国王らしくても気にするなと、周りに言い出すようになった彼に、反旗を翻す者はいない。寧ろ、敬い、従う者が増えていく一方であった。
そんな国王の言葉に、フェルアハールは答えた。
「…判りました、陛下。
ですが、私が貴方に対し、敬語を使うのだけは、禁じないで下さい。」
ラングレート候の兄弟ならではの回答に、エーベルライアムは、残念そうな顔になった。私的な時は、敬語を使うなと、言えなくなった事に落胆したのだ。
「…君達は、やっぱり兄弟なんだね…。
バートも、ハルトも、君までも、同じ言葉を返すんだもんな。」
国王らしくない口調の呟きに、周りの者は苦笑した。
たまに出る、エーベルライアムのこの口調は、臣下時代の物で、未だ直らないものである。身近に感じるそれ故に、敢えて誰も注意をしない。
まあ、公務で出る事が無いだけに、野放しにしているとも言えよう。
そんな折、彼等の部屋の扉を叩く音がする。
先程ルシフ王が言っていた、案内の者が来た事を告げていた。
「マレーリア国の方々は、御在室ですか?」
他の者は警戒を示していたが、若い男性で聞き覚えのある声に、アーネベルアが反応した。扉の傍にいる者へ指示を出し、声の主を部屋に招き入れる。
入って来たのは、銀髪の騎士…真っ白な騎士服に身を包み、その腰には、白地に銀色と金色の細工のある剣を帯びていた。
その騎士に警戒を顕にするが、招き入れた炎の騎士は、微笑を湛えていた。
「貴方が案内役か?」
「はい。」
真面目な顔で話し掛ける国王に、銀の騎士は、短い返事と共に頷く。
未だ警戒をする騎士達の中、一人警戒をしていないアーネベルアに、エーベルライアムは気付いた。
「べルア、君、何か知っているの?」
聞かれたアーネベルアは頷き、彼と話をする許可を、エーベルライアムから貰い、件の騎士と相対した。
「御久し振りですね、ルシナリス殿。
貴方が案内役ですか…。ルシフ王も、御茶目な事をされますね。」
名を呼ばれた銀髪の騎士・ルシナリスは、彼に一礼をし、微笑を添えて、答えた。
「ええ、本当に。あの方々は、御茶目ですよ。」
複数で答えるルシナリスに、彼等は不思議に思い、ルシフ王と誰が?と考えた。その様子にルシナリスは、正解を言った。

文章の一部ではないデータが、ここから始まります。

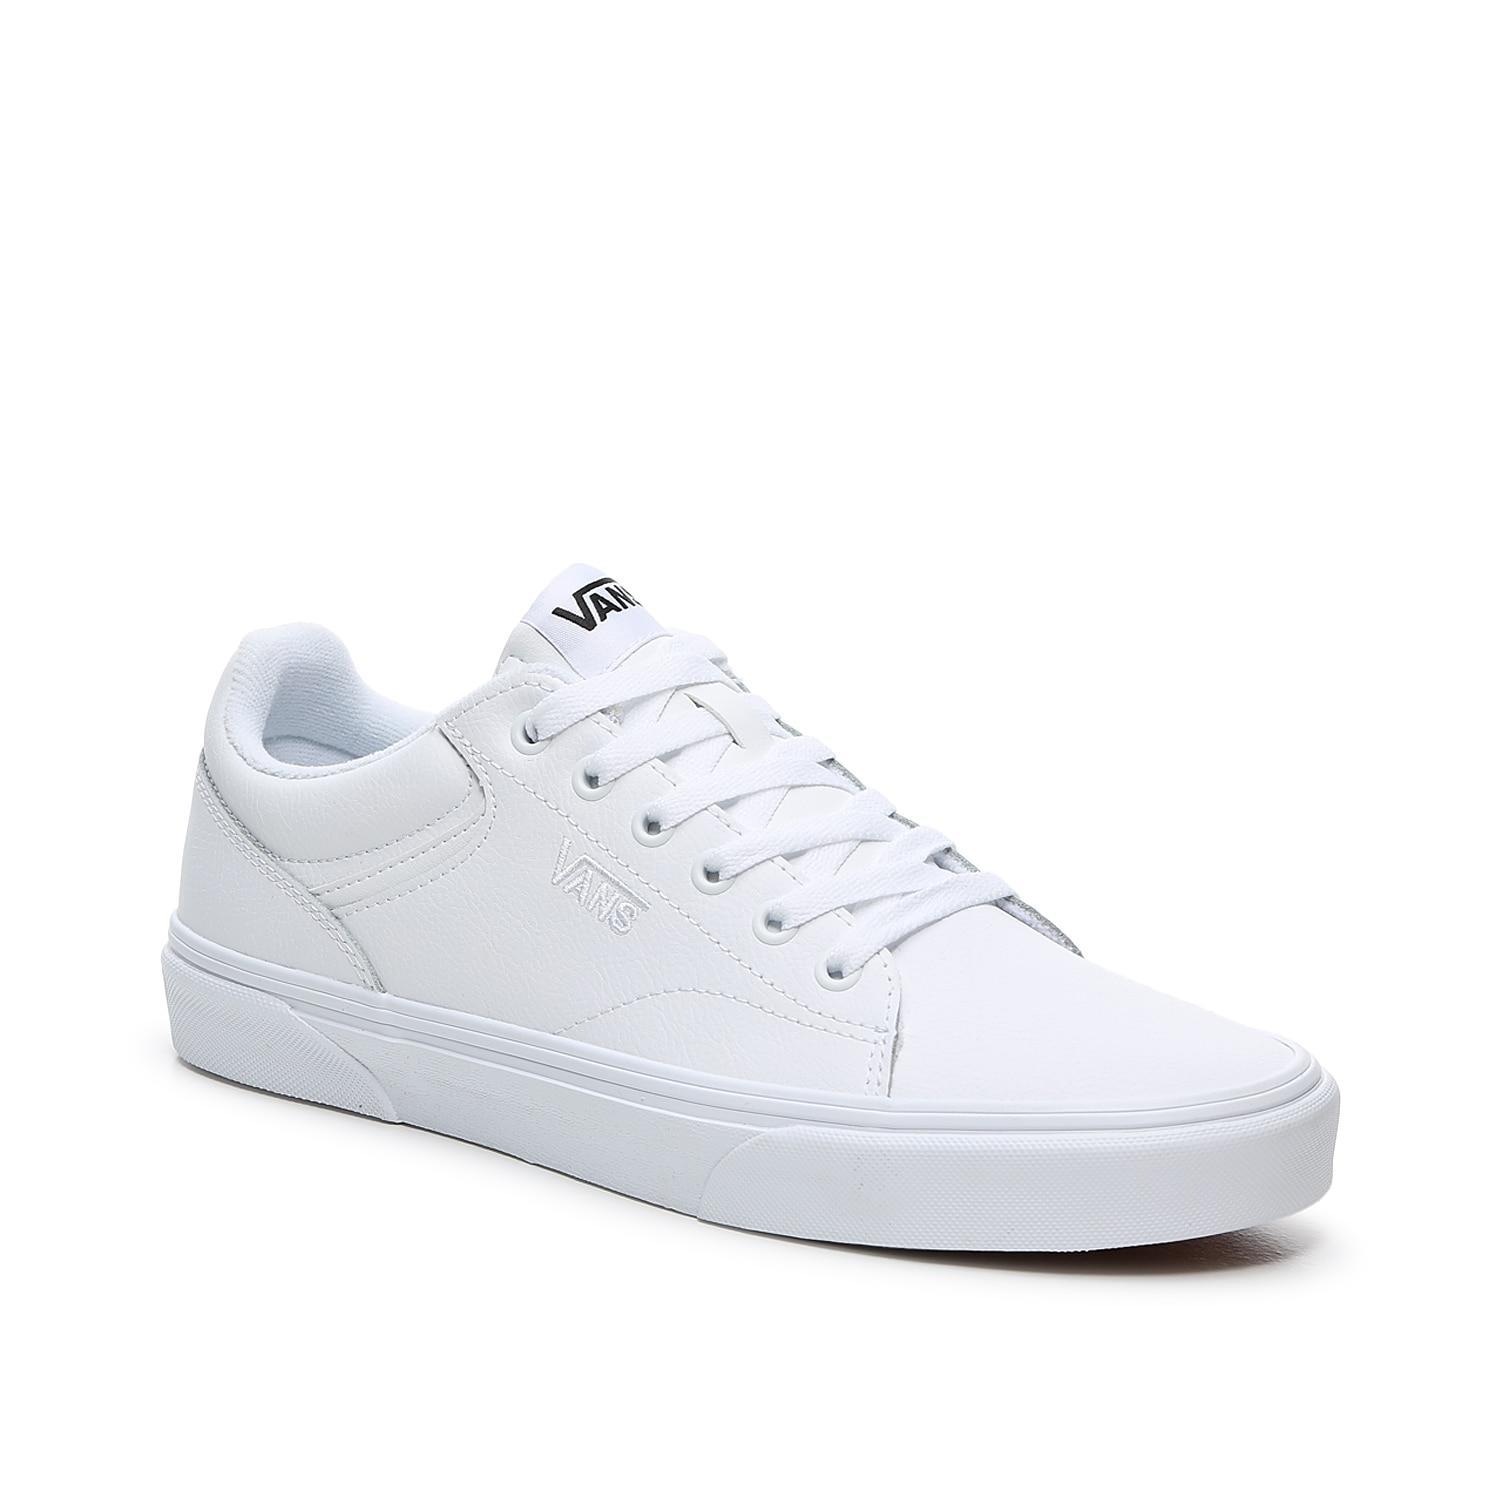 Vans Seldan Mens Leather Shoes White Product Image

「貴方々の案内を、サニフラール殿と大神官殿、そして、我が主に頼まれました。
御三方供、面白がって御出でしたよ。」
明かされた名で、これを仕掛けた相手がルシフ王と大神官までは判ったが、眼の前の騎士の主は、炎の騎士以外、判らなかった。
それもその筈、纏っている服には装飾が無く真っ白な無地、腰の物だけが、光の精霊剣だと判るのみ。
光の精霊剣士にしては、洗練された仕草で、全く隙が無い。故に、初対面で警戒したのであったが、炎の騎士であるアーネベルアが、親しげに声を掛けた。
敵で無いとは判るが、何者かが判断付かない。
周りの騎士達の困惑に気付いた、当の本人は微笑のまま、挨拶をした。
「遅ればせながら、初めまして、マレーリア国の方々。
私は、光の精霊騎士・ルシナリスと申します。先程述べた様に、我が主から、貴方々の案内を申し付かっております。」
光の精霊騎士と名乗った彼に、エーベルライアム達は驚いた。
精霊騎士の主と言えば、特定される。
ルシナリスの言葉で、警戒を解いた彼等は、光の騎士に案内を受けたが、神華の塔へ向かわず、他の方向へ向かう彼を、エーベルライアム達は不思議に思った。
このままいけば、外に出る。
その予想通り外へ案内された一行は、ここへ来た道を逆行している事に気付いた。